Canada is a relatively tolerant and civilized place, but you would not guess that from the publications being put out by the University of Toronto 


People pass University College at the University of Toronto, in 2011.Tyler Anderson/National Post





May 29, 2020

3:27 PM EDT


This column is written for all those who feel oppressed by political correctness in Canada. It is prompted by my wife Barbara giving me the magazines sent to alumni of University College (UC) at the University of Toronto and by the University of Toronto itself, each quarter. I receive a sprinkling of information from the universities where I graduated (Carleton, Laval and McGill) and from some that kindly gave me honorary degrees, but I have never seen anything like this.


The college alumni magazine identifies three contributors of whom one describes herself as “a peace and love hippie with a dream of doing a meditation retreat at Zen master Thich Nhat Hanh’s Plum Village Monastery in southern France,” and the second is the former associate director of UC’s “centre for sexual diversity studies.” The piece of the incoming principal of the college focused on the widespread need for attention to “students struggling with mental health problems” and celebrated his college’s “iconicity … of diversity and inclusion.” He also dwelt upon the “uncomfortable iconicity” in referring to a creek that once flowed through the campus but is now entirely subterranean. “We need … to include Indigenous teachings, learners and scholars in our midst.… The river still cleanses this area and its ancient powers continue to flow despite attempts to submerge its force.” The principal of such a well-known university college should have a clearer idea of legitimate subjects of iconization.

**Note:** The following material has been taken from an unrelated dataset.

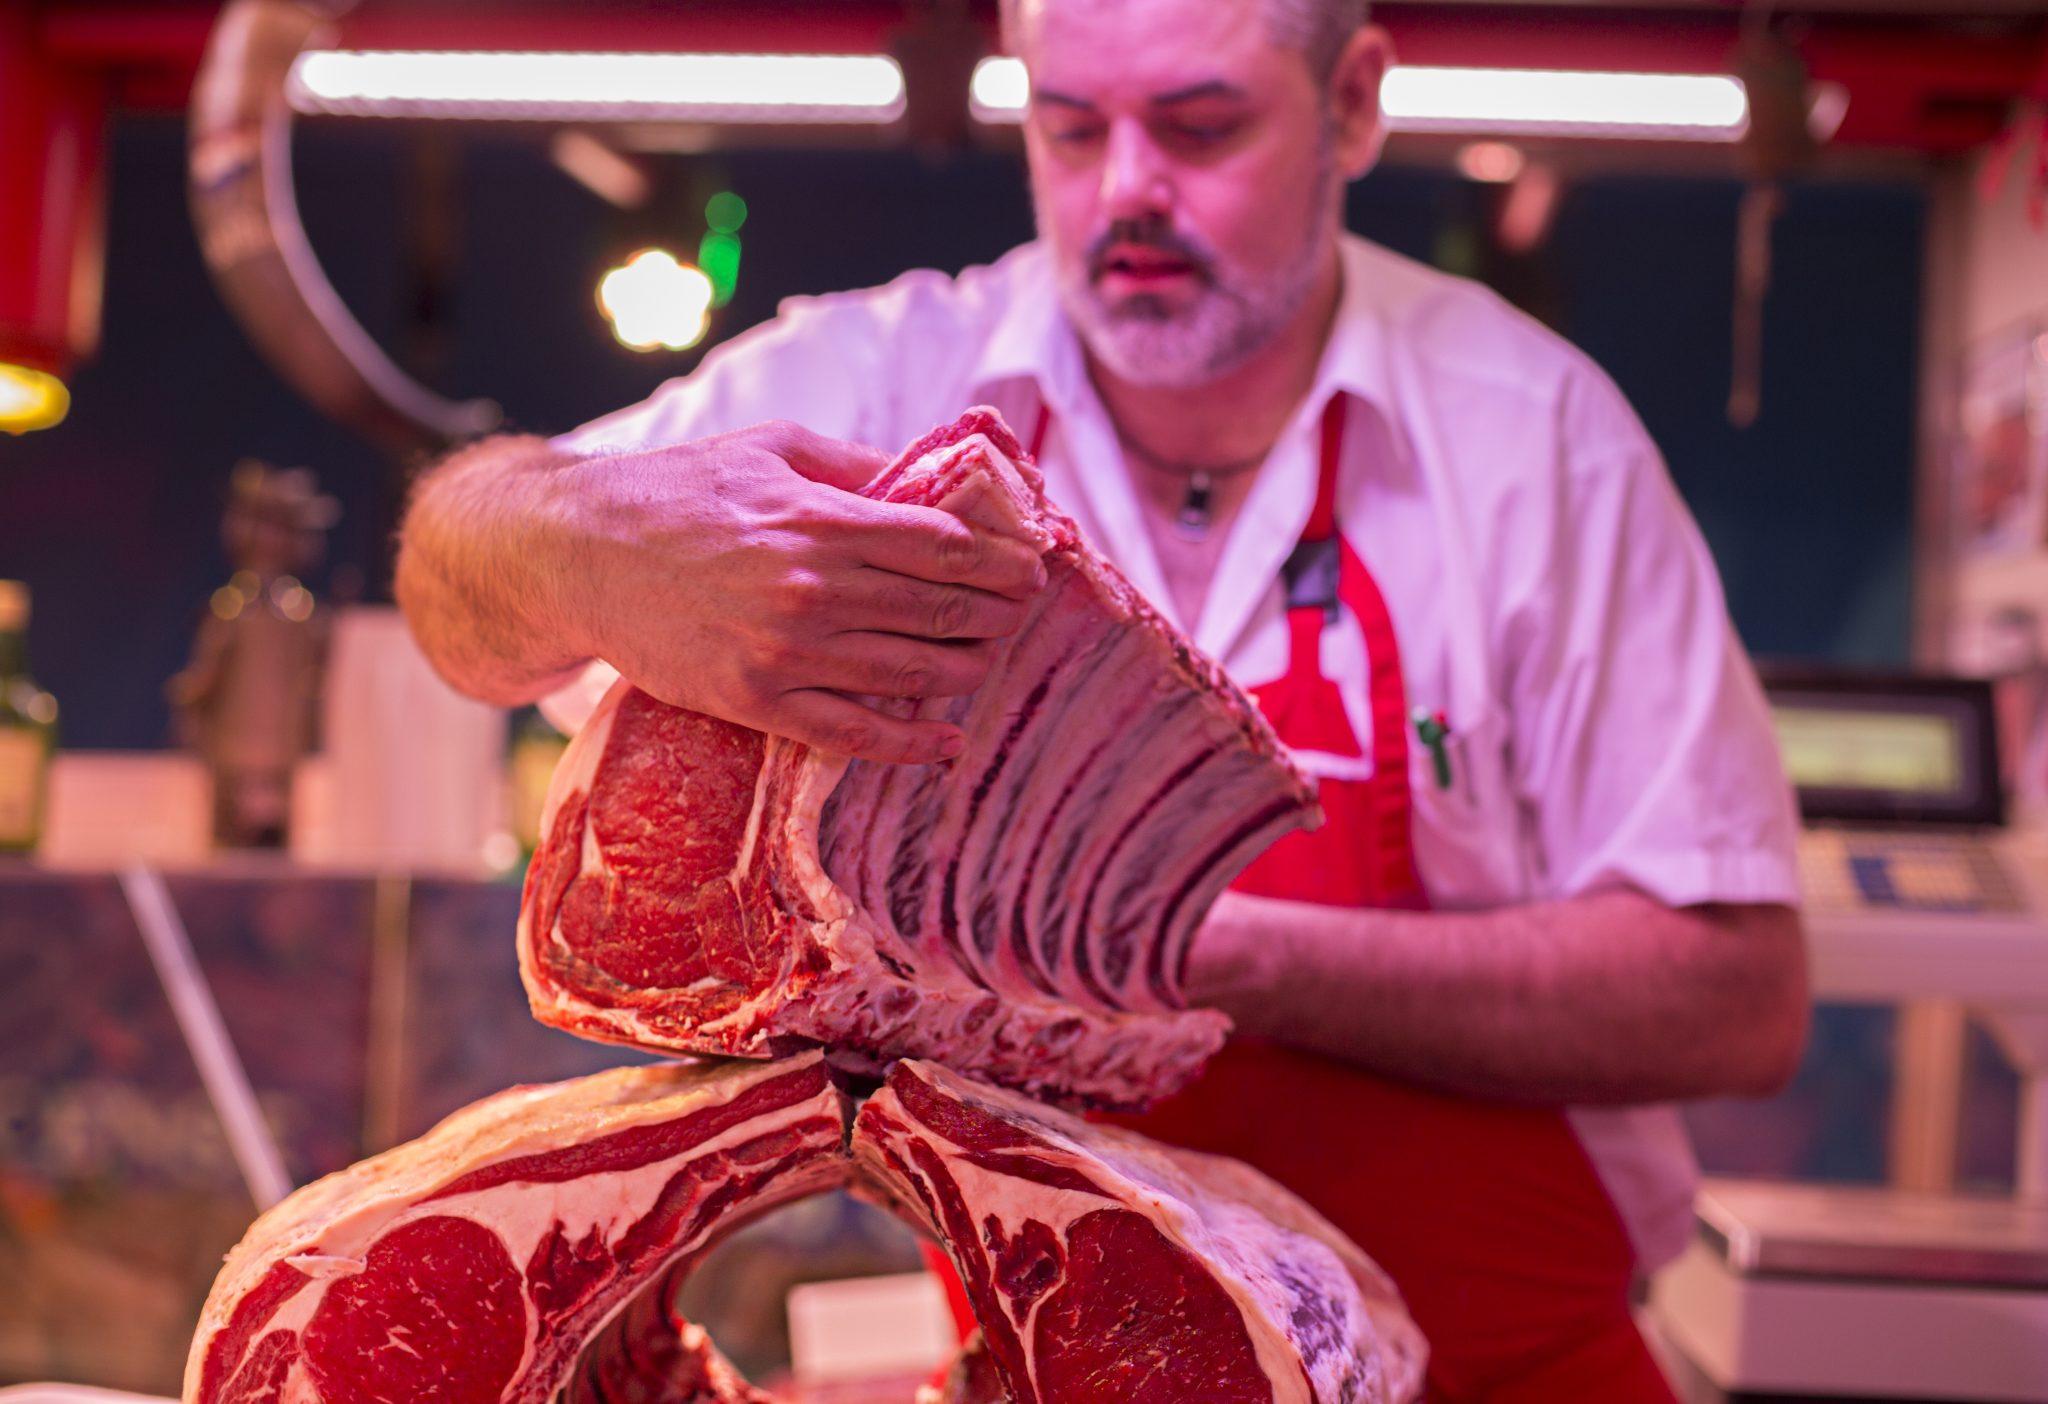 6 claves para comprar carne de calidad casa gutier - Carniceria en madrid ...

There was a tribute to my dear friend of more than 40 years, Supreme Court Justice Rosie Abella, winner of an award named after another old friend, the late Rose Wolfe (a former chancellor of U of T), both delightful women. Rosie referred to her belief as an under-graduate in “the perfectibility of the human condition, in progressive change, in excellence, in the symbiosis of reason and equity.” What she really meant and how she has amiably enacted it, is her fervent belief in practically every left-wing cause that does not oppress human rights: redistribution of money from people who had earned it to people who had not, reduction of the influence and status of individuals in favour of institutions purporting faithfully to enhance the welfare of the majority and a river of concessions and preferments to organized labour. By all means give Rosie an award, but not for elegiacal nonsense about the perfectibility of man through democratic Marxism. Next came a piece about a photographer who specialized in portraits of LGBTQ writers who “capture what’s essential.” (They were good photographs.) Then came the inevitable confession and repentance of Canada’s “ugly legacy of occupation and forced assimilation by settlers trying to extinguish the culture, rights and humanity of Indigenous peoples,” and the obligatory demonization of the residential schools system.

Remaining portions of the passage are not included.